A greve como parte do currículo


O orientador de Estudos professor Alex Borges Alano e seus professores cursistas, do curso PNEM/SC, escreveram o texto abaixo, sobre a greve dos professores de SC e uma relação com o caderno do curso.
 
                                                       A greve como parte do currículo

O caderno de Linguagens, da II etapa do PNEM, nos propõe uma reflexão sobre o currículo, a metáfora da árvore e o fazer pedagógico e sua relação com a formação humana integral dos estudantes (p. 41).
A formação humana para ser integral precisa ultrapassar os muros da escola. Sabemos que o professor ensina mais que a matéria que leciona, pois somos professores mesmo fora das salas de aula. Nossa postura perante às questões sociais, em nossas relações humanas, expressam nossos valores fundamentais e demonstram na prática nossa coerência ou hipocrisia.
Buscamos nos estudos do PNEM melhor preparo para propiciar aos nossos estudantes uma educação que lhes permita o desenvolvimento das faculdades necessárias ao pleno exercício da cidadania. Ser cidadão pleno é ter autonomia intelectual, capacidade de buscar e desenvolver conhecimentos de forma crítica e consciência dos direitos e deveres.

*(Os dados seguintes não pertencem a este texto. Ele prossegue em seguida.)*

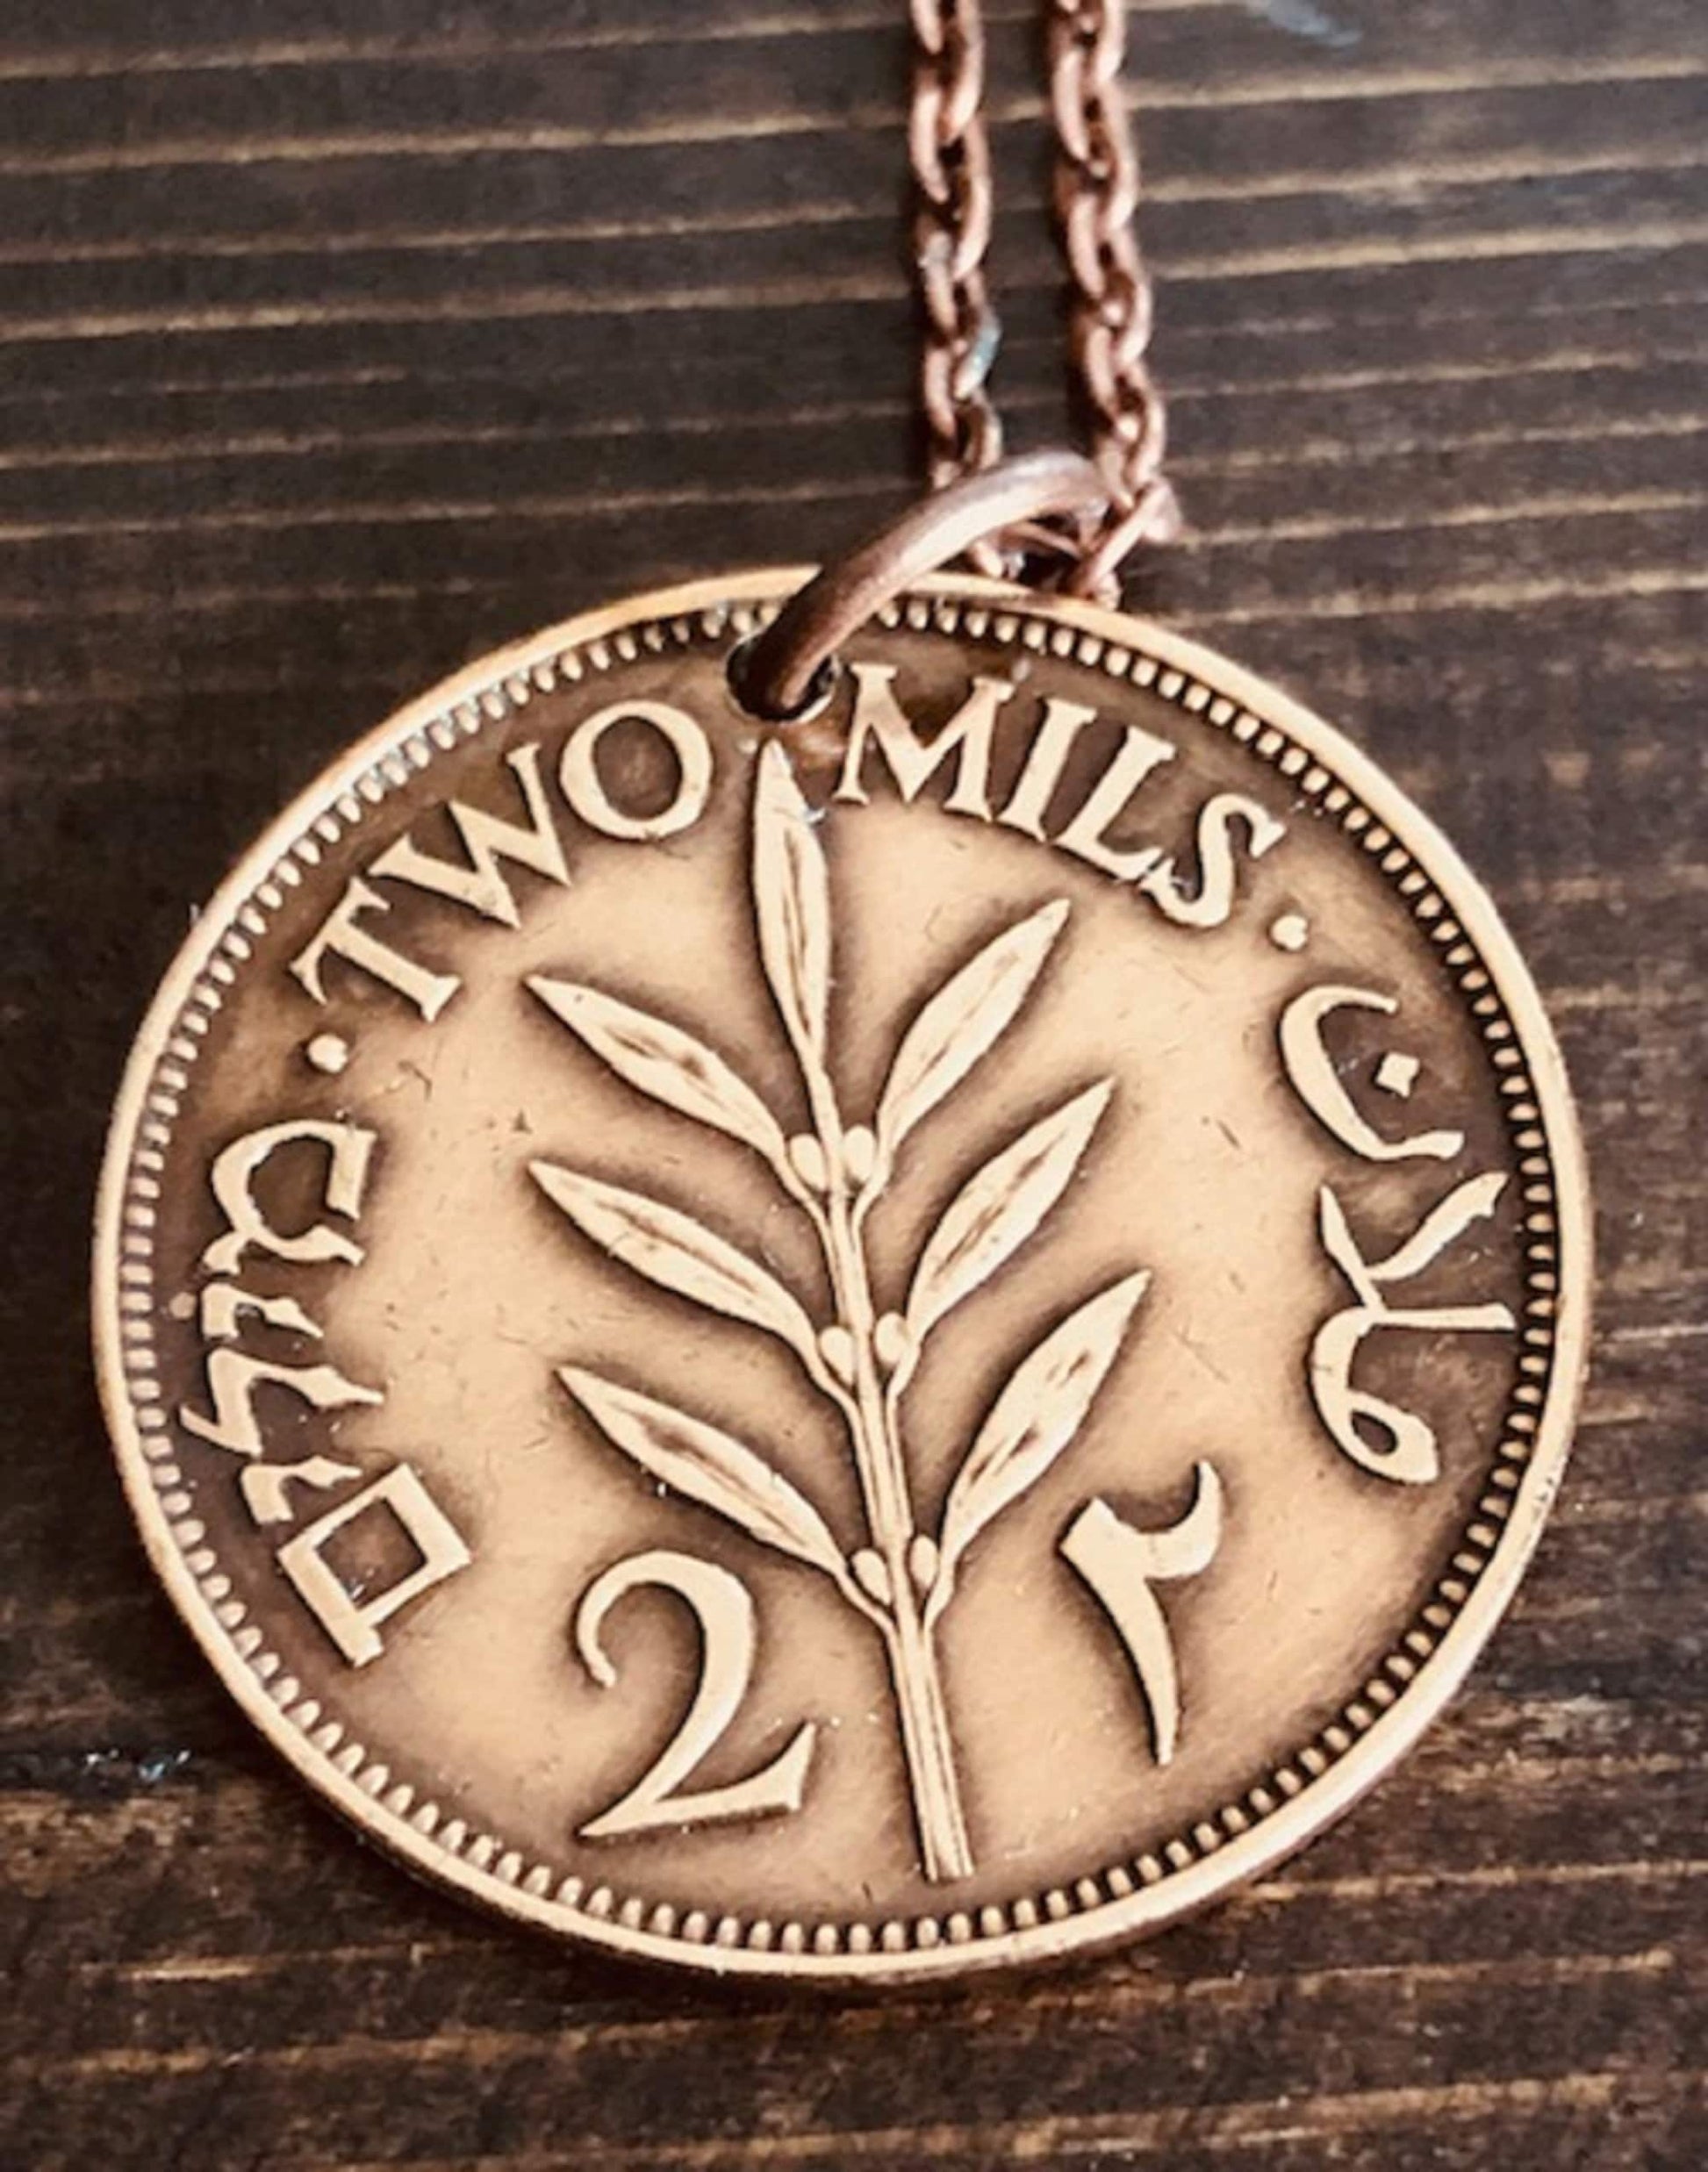 Palestine Coin Necklace Pendant 2 Mils Jewelry Vintage Custom Made Rare coins - Coin Enthusiast - Handmade - Fashion Jewelry

Além de condições de aplicar esses conhecimentos na conquista, manutenção e ampliação dos direitos e contribuir na construção de uma sociedade dentro dos parâmetros desejados coletivamente.
Para isso, além do conteúdo disciplinar, importam também os métodos, os objetivos e os valores presentes na base do processo, partes integrantes do currículo escolar, como nos lembra a referida metáfora da árvore.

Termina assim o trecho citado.